Céréales : quand géopolitique et logistique jouent les trouble-fêtes
Le conseil spécialisé « Grandes cultures-marchés céréaliers », tenu le 11 mai, a souligné la baisse des achats chinois sur le marché français faisant reculer les exportations de blé français vers les pays tiers.
Les céréales françaises n’ont plus la côte sur les marchés internationaux. Dans son analyse de marché du 11 mai, le Conseil spécialisé grandes cultures a estimé que les prévisions d’exportations de blé tendre vers les pays tiers sont en baisse. L’autorité française des céréales estime les volumes du blé tendre à 9,25 Mt en mai, soit une baisse de 2,6% par rapport au mois dernier.
La Chine s’absente
Plusieurs éléments expliquent cette situation. En premier lieu, la Chine a décidé de ralentir ses importations en raison du confinement imposé localement. Ces mesures bloquent un certain nombre de ports et empêchent les opérations logistiques. Pour éviter l’engorgement, le gouvernement chinois se retire quelque peu du marché international.
Des blés chers
Autre facteur de cette baisse, la cherté des prix des blés.
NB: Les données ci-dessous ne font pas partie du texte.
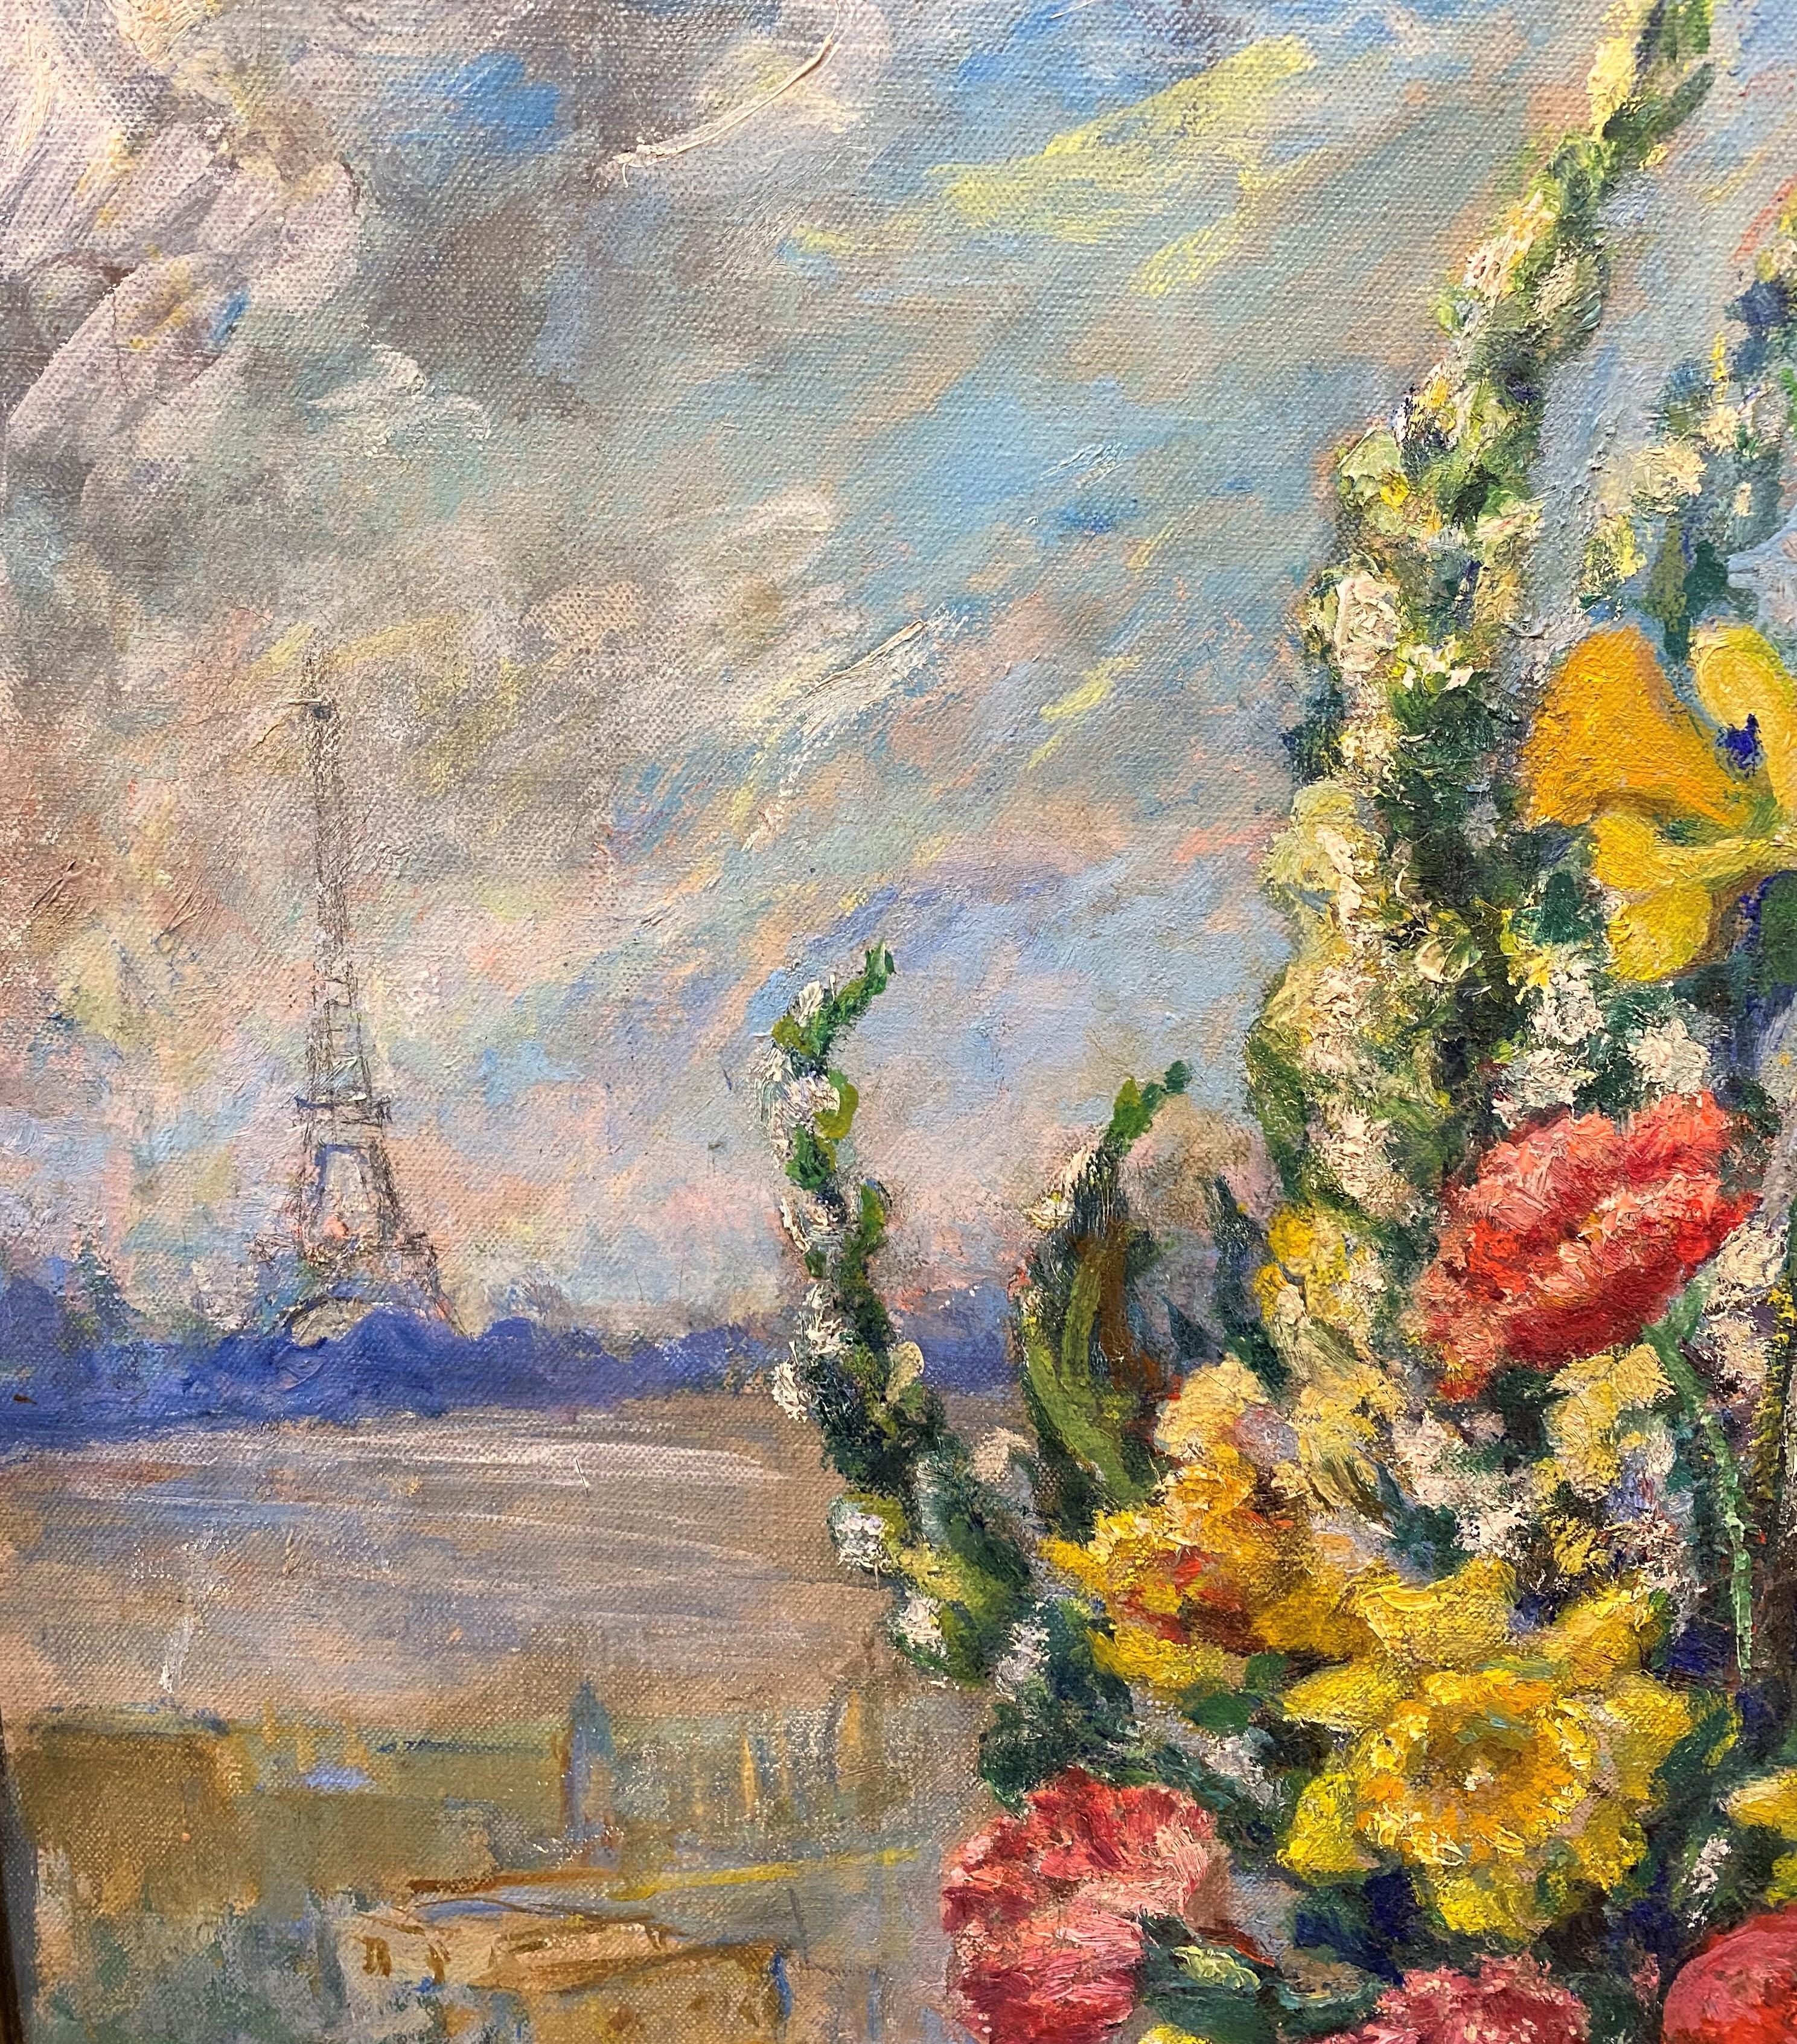 A fine still life with flowers in a vase with the Eiffel Tower in the background by American artist Mary Hutchinson Peixotto (1869-1956). Peixotto was born in San Francisco, studied in San Francisco at the School of Design under Emil Carisen and

Le prix du blé a atteint 418€/t le 27 avril et se situe aux alentours de 406€/t le 6 mai. Des prix qui limitent les capacités d’achat de certains pays. Néanmoins, d’une campagne à l’autre, les exportations de blé tendre vers les pays tiers sont estimées en progression de 27%.
Baisse des exportations d’orges
Du côté des orges, la situation est presque identique. Les exportations vers les pays tiers sont prévues en baisse de 0,9% à 3,4 Mt. Les expéditions vers les pays de l’Union européenne devraient, pour leur part, progresser de 0,6% à 2,7 Mt. Avec 6,1 Mt prévues à l’exportation, les orges restent en hausse d’une campagne à l’autre de 7%.
Une position d’attente
Des données qui cadrent mal avec la situation géopolitique mondiale actuelle. L’embargo des céréales russes et la difficulté de l’Ukraine à exporter ses céréales devraient au contraire permettre au marché français de se placer sur le marché mondial. Or, la hausse des prix des matières premières incite certains pays à adopter une position attentiste pour acheter des produits.
Baisse drastique des exportations ukrainiennes
En effet, en Ukraine, les expéditions de céréales sont revues à la baisse. Le total des exportations de céréales sont prévues, selon le ministère de l’Agriculture ukrainien à 46 Mt sur l’ensemble de la campagne. Pour le seul mois de mai, l’Ukraine devrait exporter 132 000 t de céréales (blé, maïs et orges) contre environ 20 Mt sur la moyenne des cinq dernières années.
Jouer avec les alternatives
Le conflit en Ukraine pèse sur les schémas logistiques du pays. Les bombardements des ports céréaliers, comme Odessa et Mykolaev, empêchent le pays d’exporter ses céréales. La solution trouvée vise à envoyer les céréales dans des pays de l’Union européenne pour exporter les produits. En Mer noire, la Roumanie, avec le port de Constanta joue un rôle crucial mais reste limité.
Trouver des solutions au nord
Au cours des semaines passées, les exportateurs ukrainiens se sont tournés vers le nord de l’UE pour acheminer leurs produits. Les terminaux céréaliers de Gdansk, Gdynia, Klaipeda (Lituanie), Liepaja et Ventspils (Lettonie) offrent des alternatives mais avec des capacités de chargement réduites par rapport aux terminaux du sud de l’Europe.
Russie : hausse des exportations
Les difficultés logistiques en Ukraine n’affectent pas les capacités d’exportation de la Russie. Avec 39 Mt prévues à l’exportation de blé au cours de la campagne, soit une hausse de 2,6%, la Russie continue sa percée sur les marchés internationaux. Quant au maïs russe, si les exportations sont prévues en légère baisse en avril à 4 Mt, il devrait malgré tout rester à un niveau supérieur à celui de la campagne précédente.
L’Inde joue à cache-cache
Et pour aggraver la situation, l’Inde a soudainement opéré un revirement à 180° de sa politique d’exportation. Après avoir annoncé pouvoir exporter plusieurs millions de tonnes de blé, en surplus des besoins de la population locale, le gouvernement indien a décidé, le 13 mai, de faire machine arrière. La raison invoquée par New Dehli vient des conditions climatiques de mars qui auraient mis à mal la croissance des blés plantés.